Example of alpha matting
Shared Sampling for Real-Time Alpha Matting
Eduardo S. L. Gastal
eslgastal@inf.ufrgs.br
and Manuel M. Oliveira
oliveira@inf.ufrgs.br

Instituto de Informática, UFRGS

Logo INF Logo UFRGS

Computer Graphics Forum.
Volume 29 (2010), Number 2, Proceedings of Eurographics 2010, pp. 575-584.


Contents

Abstract Downloads Results Benchmark FAQ Reference Acknowledgements

Abstract

Image matting aims at extracting foreground elements from an image by means of color and opacity (alpha) estimation. While a lot of progress has been made in recent years on improving the accuracy of matting techniques, one common problem persisted: the low speed of matte computation. We present the first real-time matting technique for natural images and videos. Our technique is based on the observation that, for small neighborhoods, pixels tend to share similar attributes. Therefore, independently treating each pixel in the unknown regions of a trimap results in a lot of redundant work. We show how this computation can be significantly and safely reduced by means of a careful selection of pairs of background and foreground samples. Our technique achieves speedups of up to two orders of magnitude compared to previous ones, while producing high-quality alpha mattes. The quality of our results has been verified through an independent benchmark. The speed of our technique enables, for the first time, real-time alpha matting of videos, and has the potential to enable a new class of exciting applications.

Downloads

Demo

Shared Matting demo for Linux 64-bit (2.7 MB)
Version 1.0, December 2010.

NOTE: Download here a precompiled binary for libboost_program_options.so.1.40.0.

Material

Full paper (1.6 MB, 10 pages)

Eurographics Association Copyright Notice: Permission to make digital or hard copies of part or all of this work for personal or classroom use is granted without fee provided that copies are not made or distributed for profit or commercial advantage and that copies bear this notice and the full citation on the first page. Copyrights for components of this work owned by others than Eurographics must be honored

Data

Below you can find intermediary results generated by our sample gathering and sample refinement steps. Each tgz archive contains the following images: expanded trimap, foreground color, background color, alpha value (including low-frequency alpha), confidence value and variance value. The original input images and trimaps are available from the alphamatting.com evaluation website.

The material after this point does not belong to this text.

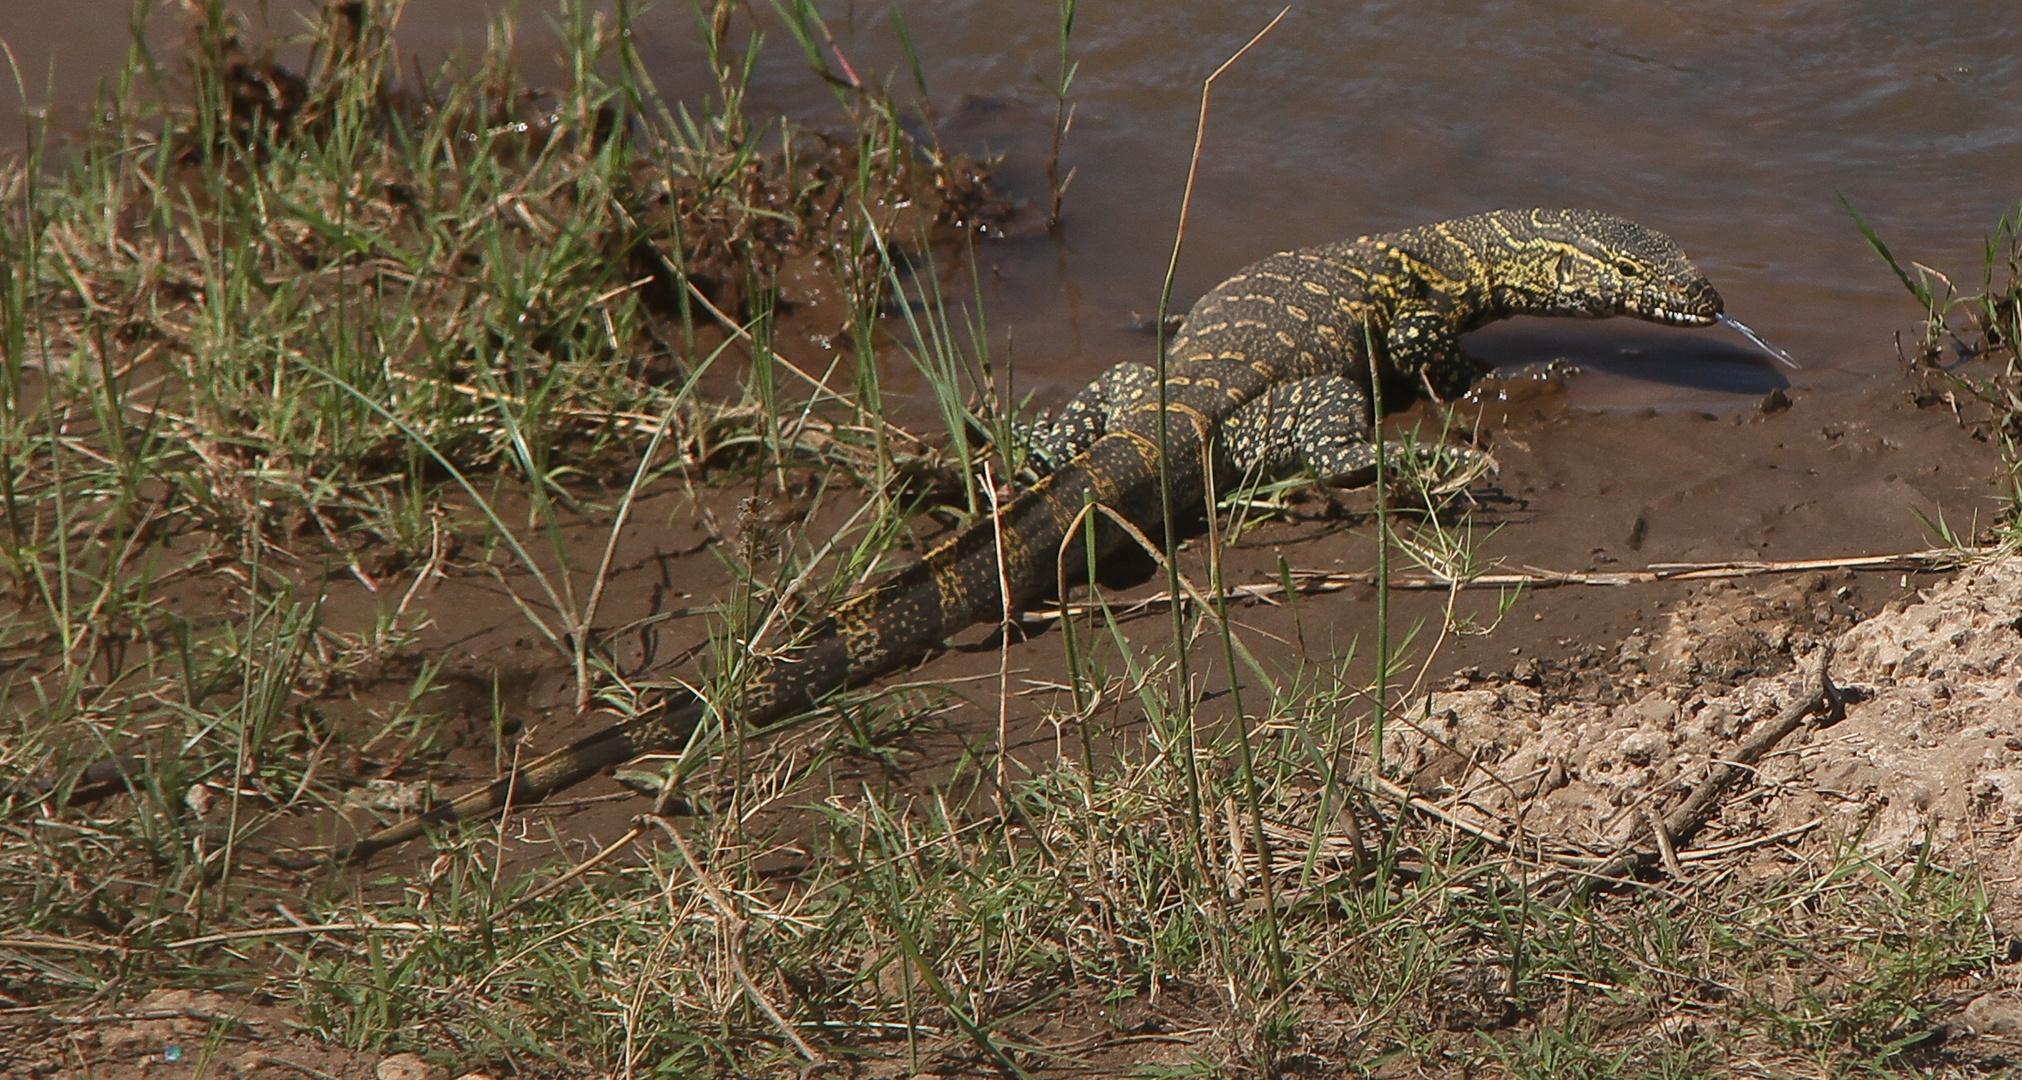 Nilwaran am Ufer des Mara-Rivers

doll donkey elephant net pineapple
plant plasticbag troll GT04

Results

Video

Images

GT01 GT04 GT07 GT09 GT18 GT21 GT22

Benchmark

Comparison of our technique (Shared Matting) against the state-of-the-art is available at the alphamatting.com evaluation website. The runtimes of our real-time matting technique for the images in this benchmark, using the most conservative trimaps, are as follows:

Image # of pixels % Unknown Time (sec)
elephant 536,800 16% 0.029
donkey 455,200 17% 0.028
pineapple 481,600 20% 0.032
doll 451,200 25% 0.034
plasticbag 529,600 28% 0.040
plant 425,600 35% 0.038
troll 512,000 40% 0.045
net 496,000 51% 0.056

FAQ

How does one processes pixels which do not find any foreground and/or background samples during the sample gathering?

Mark this pixel as "bad" and let it find a foreground/background sample pair by analyzing its neighboring pixels in the sample refinement step.

Reference

Citation

Eduardo S. L. Gastal and Manuel M. Oliveira. "Shared Sampling for Real-Time Alpha Matting". Computer Graphics Forum. Volume 29 (2010), Number 2, Proceedings of Eurographics 2010, pp. 575-584.

BibTeX

@article{GastalOliveira2010SharedMatting,
  author  = {Eduardo S. L. Gastal and Manuel M. Oliveira},
  title   = {Shared Sampling for Real-Time Alpha Matting},
  journal = {Computer Graphics Forum},
  volume  = {29},
  number  = {2},
  month   = {May},
  year    = {2010},
  pages   = {575-584},
  note    = {Proceedings of Eurographics}
}
  

Keywords

Alpha Matting, Compositing, Image processing, Video processing.

Acknowledgements

CNPq-Brazil fellowships # 200284/2009-6, and 305613/2007-3, and a PIBIC/CNPq/UFRGS fellowship.

Last updated: January 2017.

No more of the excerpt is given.